By Lemma 1, the joint distribution of upper order statistics $(U_{L-k+1,L},\ldots ,U_{L,L})$ given $U_{L-k,L}=t$ , $t\in [0,1)$ , for some $k= 1,\ldots , L-1$ , equals the joint distribution of order statistics $(U^*_{1,k},\ldots ,U^*_{k,k})$ of associated iid rvs $\{U^*_{i}\}_{i=1}^k$ with cdf

$\begin{aligned} F_t(x)= & {} (x-t)/(1-t),\qquad 0\le t<x\le 1. \end{aligned}$

(7)

Lemma 3 derives the normal distribution of $U^*_{i,k}$ given $U_{L-k,L} = t$ after normalization.

Lemma 3

Let $U^*_{1,k}\le U^*_{2,k}\le \cdots \le U^*_{k,k}$ be the k order statistics of iid rvs $\{U^*_{i}\}_{i=1}^k$ with cdf (7).
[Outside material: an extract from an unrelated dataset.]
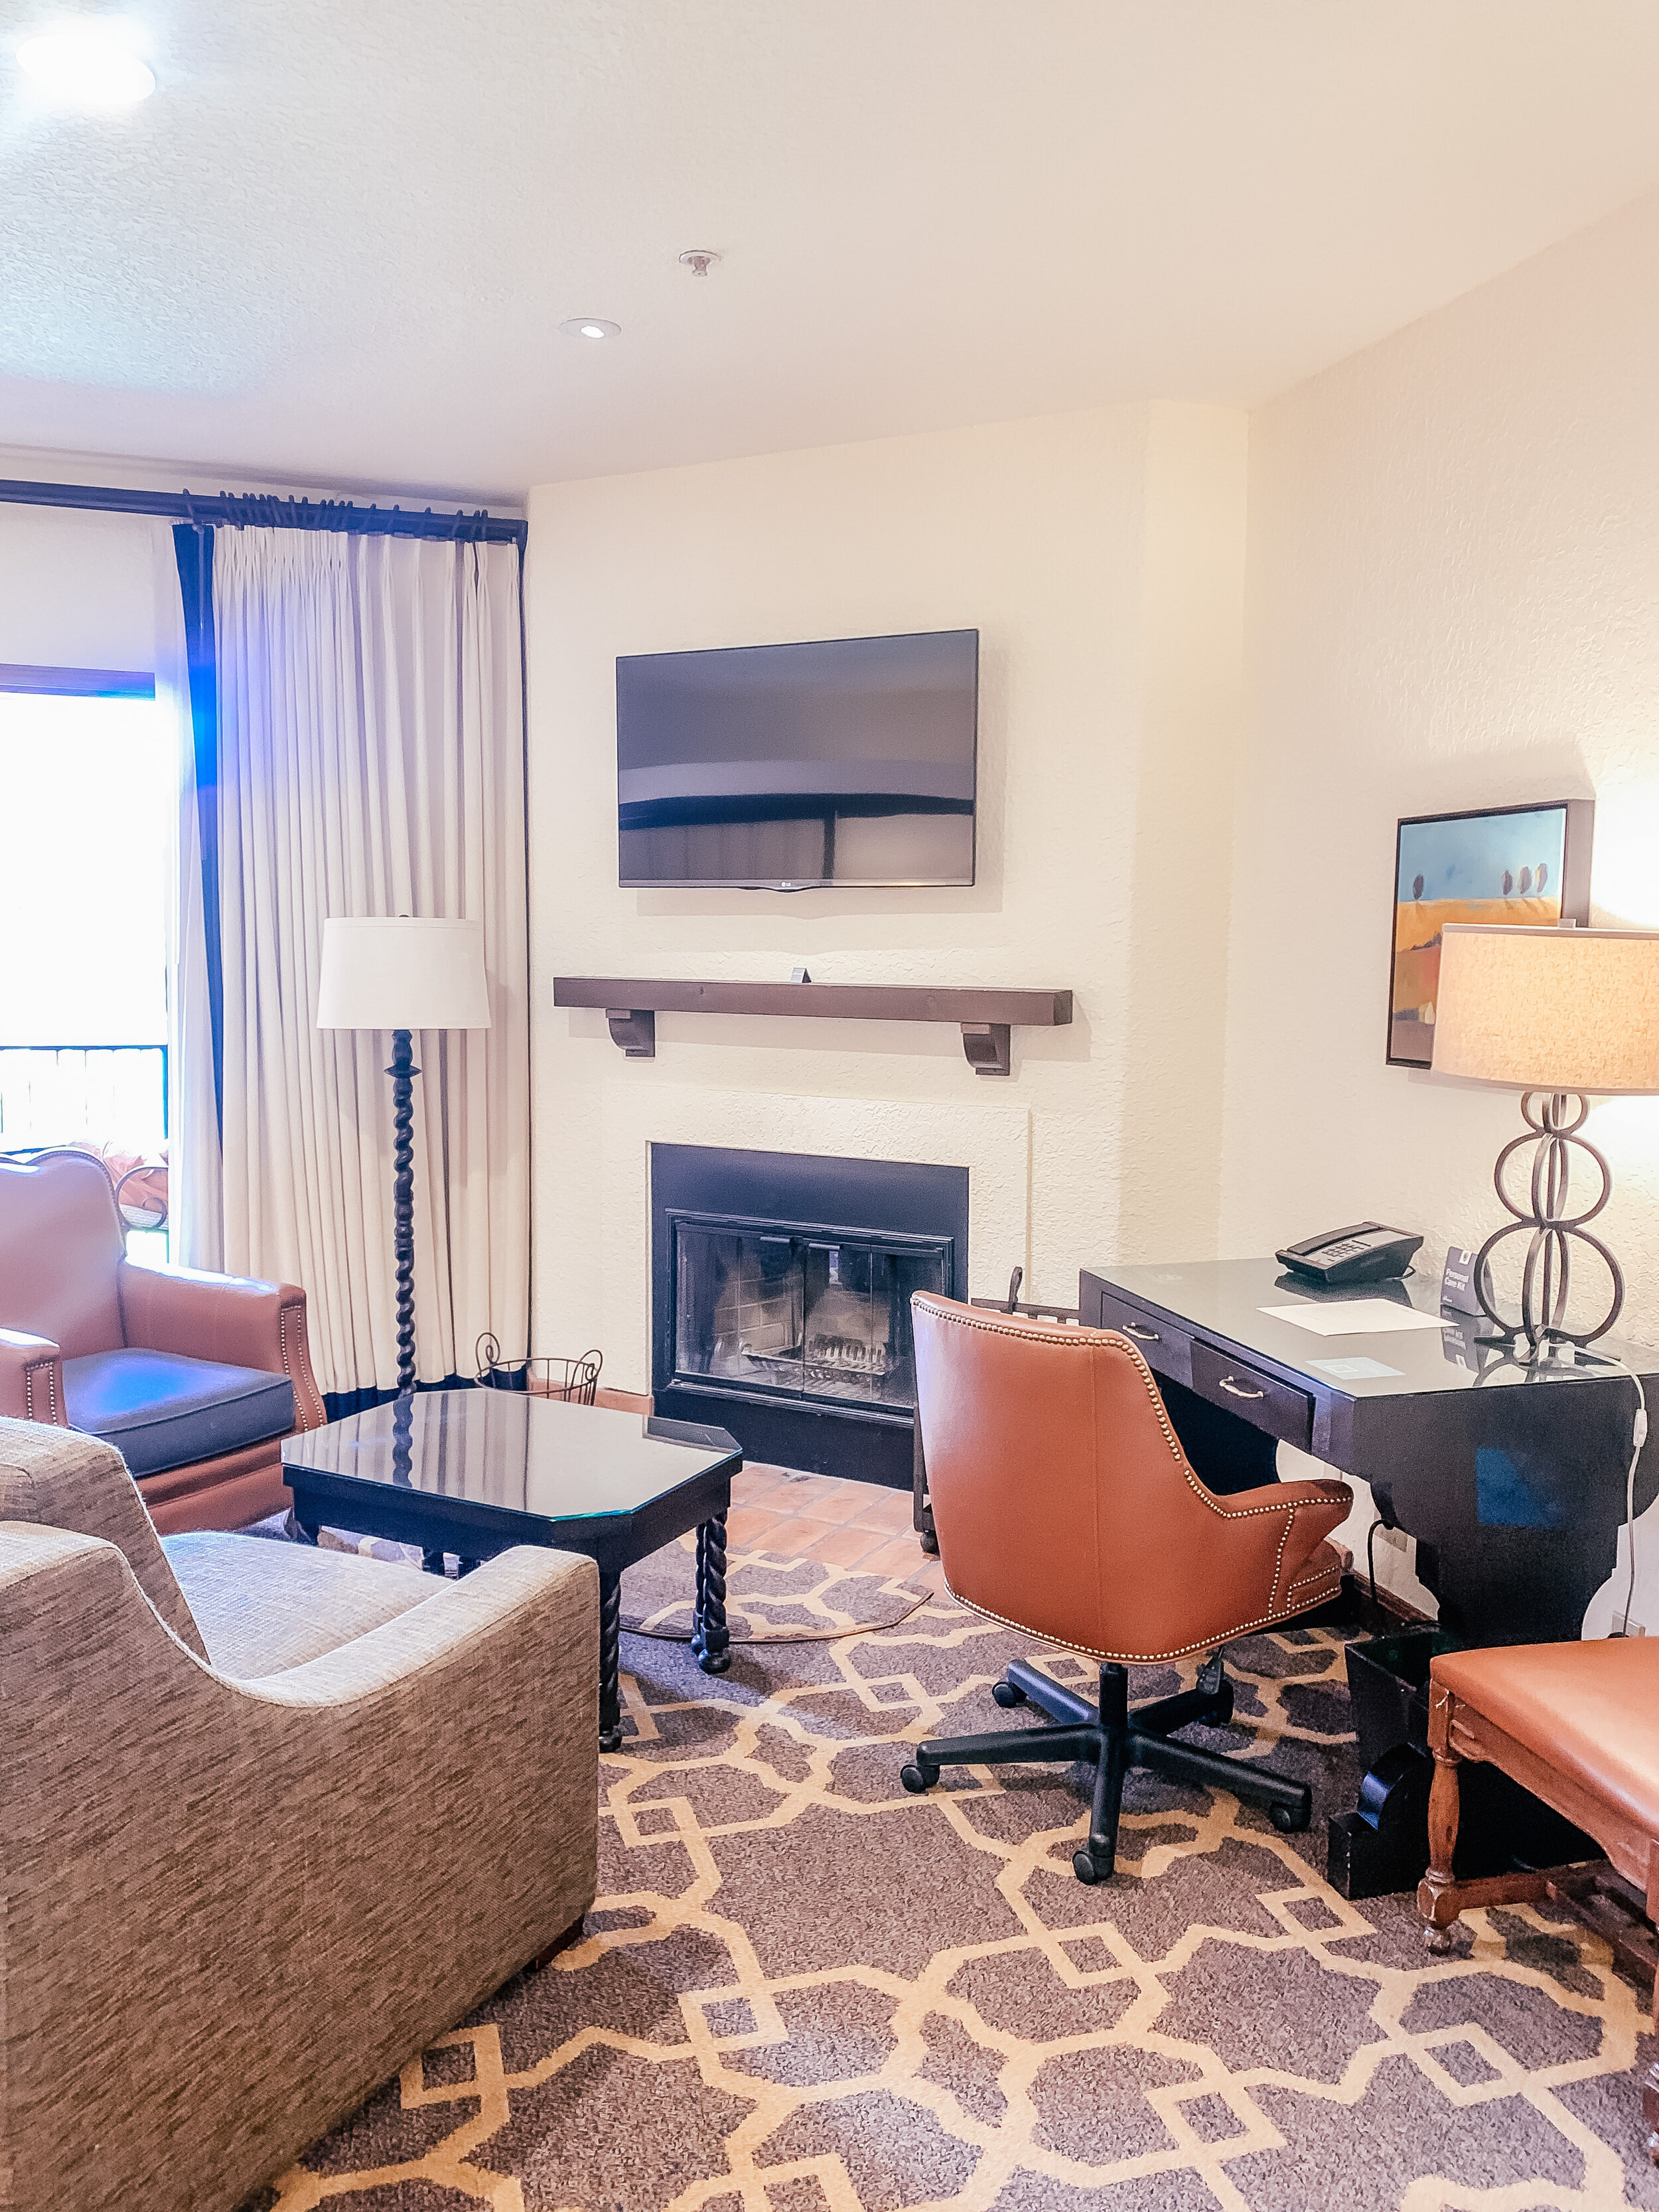 Fairmont Sonoma Mission Inn & Spa Review  - Rooms at the Fairmont Sonoma - Mission Suite - Sofa bed and fireplace.JPG

Then, as $k\rightarrow \infty$ , $i\rightarrow \infty$ , $k-i\rightarrow \infty$ ,

$\begin{aligned}(U^*_{i,k}-b_{i,k})/a_{i,k}\end{aligned}$

is asymptotically standard normal with

$\begin{aligned} b^*_{i,k}= & {} \frac{i-1}{k-1}=\frac{b_{i,k}-t}{1-t},\qquad a_{i,k}=(1-t)\sqrt{\frac{b^*_{i,k}(1-b^*_{i,k})}{k-1}}.\end{aligned}$

(8)

Proof

The pdf of $(U^*_{i,k}-b_{i,k})/a_{i,k}$ is given by [2]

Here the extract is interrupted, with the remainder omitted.